Third layer: It isn’t that simple. The ice berg isn’t pure water, it does contain some salt, about a tenth as much as seawater, though it varies, and that varies with the age of the ice. First-freeze ice contains more than second-freeze ice. And snow landing on the ice is purer still. And the seawater is diluted a bit by recent ice melt, so its density locally isn’t the same as other parts of the sea. And the temperature of the water isn’t the same as elsewhere so the density is different. But it is all one big ocean so which density is the appropriate one? And melting ice dilutes it. But the salt from the rest of the seawater also mixes with the recent melt and concentrates that.

So there are a hundred complicating factors in the equation before you get to any answer worth looking at. The NSF isn’t looking quite so dumb perhaps. Except until you look at the maximum figures involved and find the differences any of this all makes are in the region of a millimetre. So regardless of the fact that there is a finite but hard to calculate rise in sea level due to sea ice melting, the fact that the rise is of the order of a millimetre or two means they were certainly right to retract the part that said it would be significant to cities.

But the onion still isn’t peeled fully. The sea ice formed mostly from sea, so in the long term, its melting would theoretically mean return to the ‘original’ level. But that misses one of the points, because some of the sea ice is old, and some of the time-scales involved are high. So yes it would return, but if there had been loads of sea ice and then there isn’t, there will still be a difference between then and now.

And ice floats, and ice is a different colour to the sea. It therefore affects the average height of the surface, which affects lots of things, such as the rotational angular momentum of the earth, and the gravity distribution, and the area exposed to wind, and the amount of solar energy absorbed and radiated is different at the various parts of the spectrum because of the colour difference. How many layers does this darned onion have? Let’s not forget ocean currents that change local temperatures and salt concentrations, winds that move bergs around and a zillion other factors, right down to where polar bears poo given there are usually no woods nearby.

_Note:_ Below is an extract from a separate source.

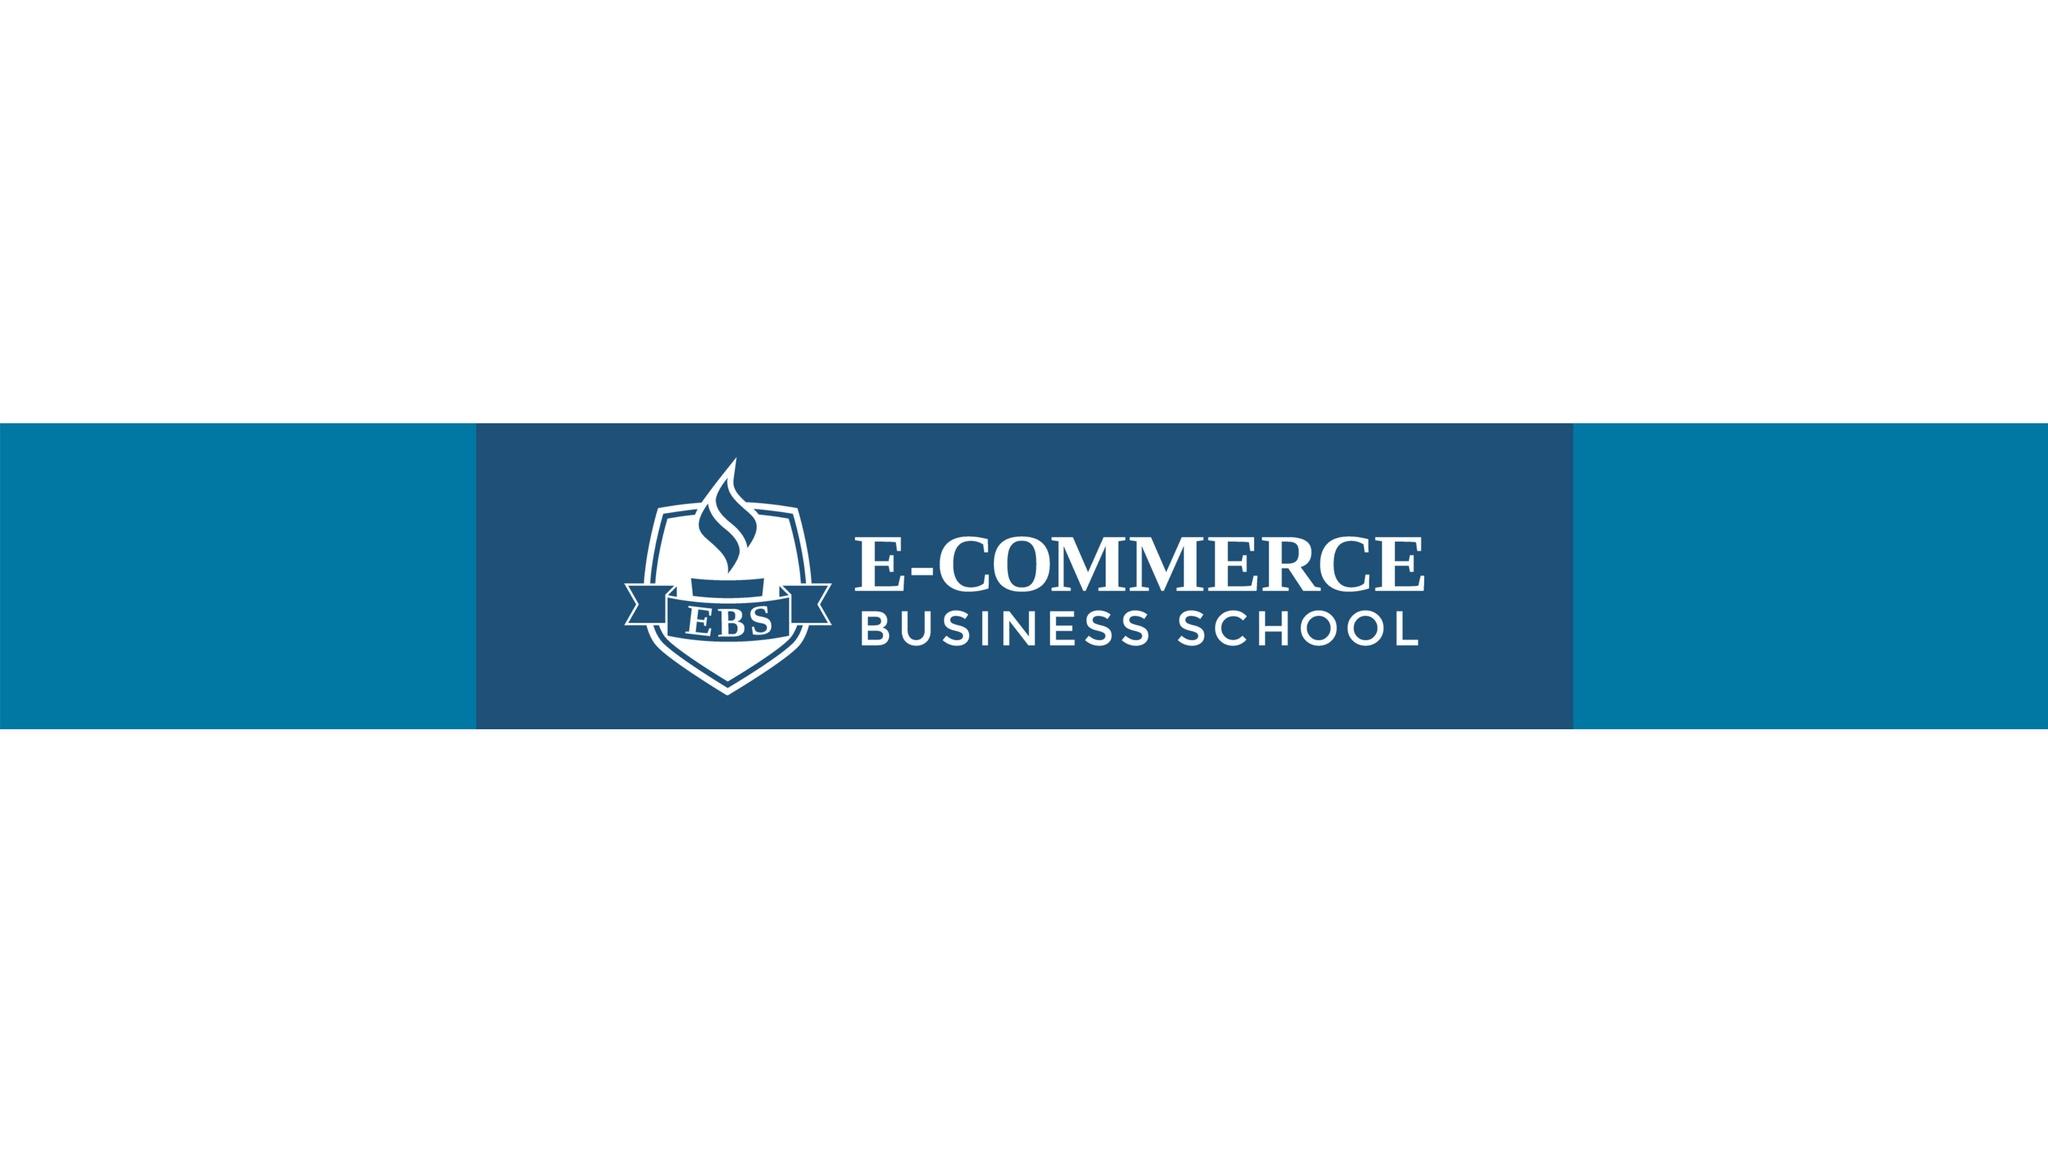 E-Commerce Business School- eCommerce Youtube Channels 2021

All of this debate was coloured by endless discussion of the relative temperature-density profile of seawater and fresh water, whether ice should form at the bottom or top of the oceans, and how something can be irrelevant because of its dilution across the whole planet, even while something else of similar magnitude could be central to the debate. There were also numerous references to experiments and hypothetical experiments that would actually prove something totally irrelevant to the central point, things like melting ice cubes in an alcoholic drink. When tiny effects like the differences made by taking into account temperature-dependent salt concentrations are coming into the debate, such school lab experiments are hardly relevant.

Anyway, the NSF retracted, and were right to, but not because of the reason assumed by some of those making comments. Mainly they were right because the effect is too small to be ‘significant’. Sea level would rise a tiny bit, but as to exactly how much, anyone’s guess. The only sensible answer is: not much.

So no panic then. Physics is intact and so is planet Earth for  while longer. But a great many egos damaged I think. Like everything in climate science, it isn’t as simple as it looks.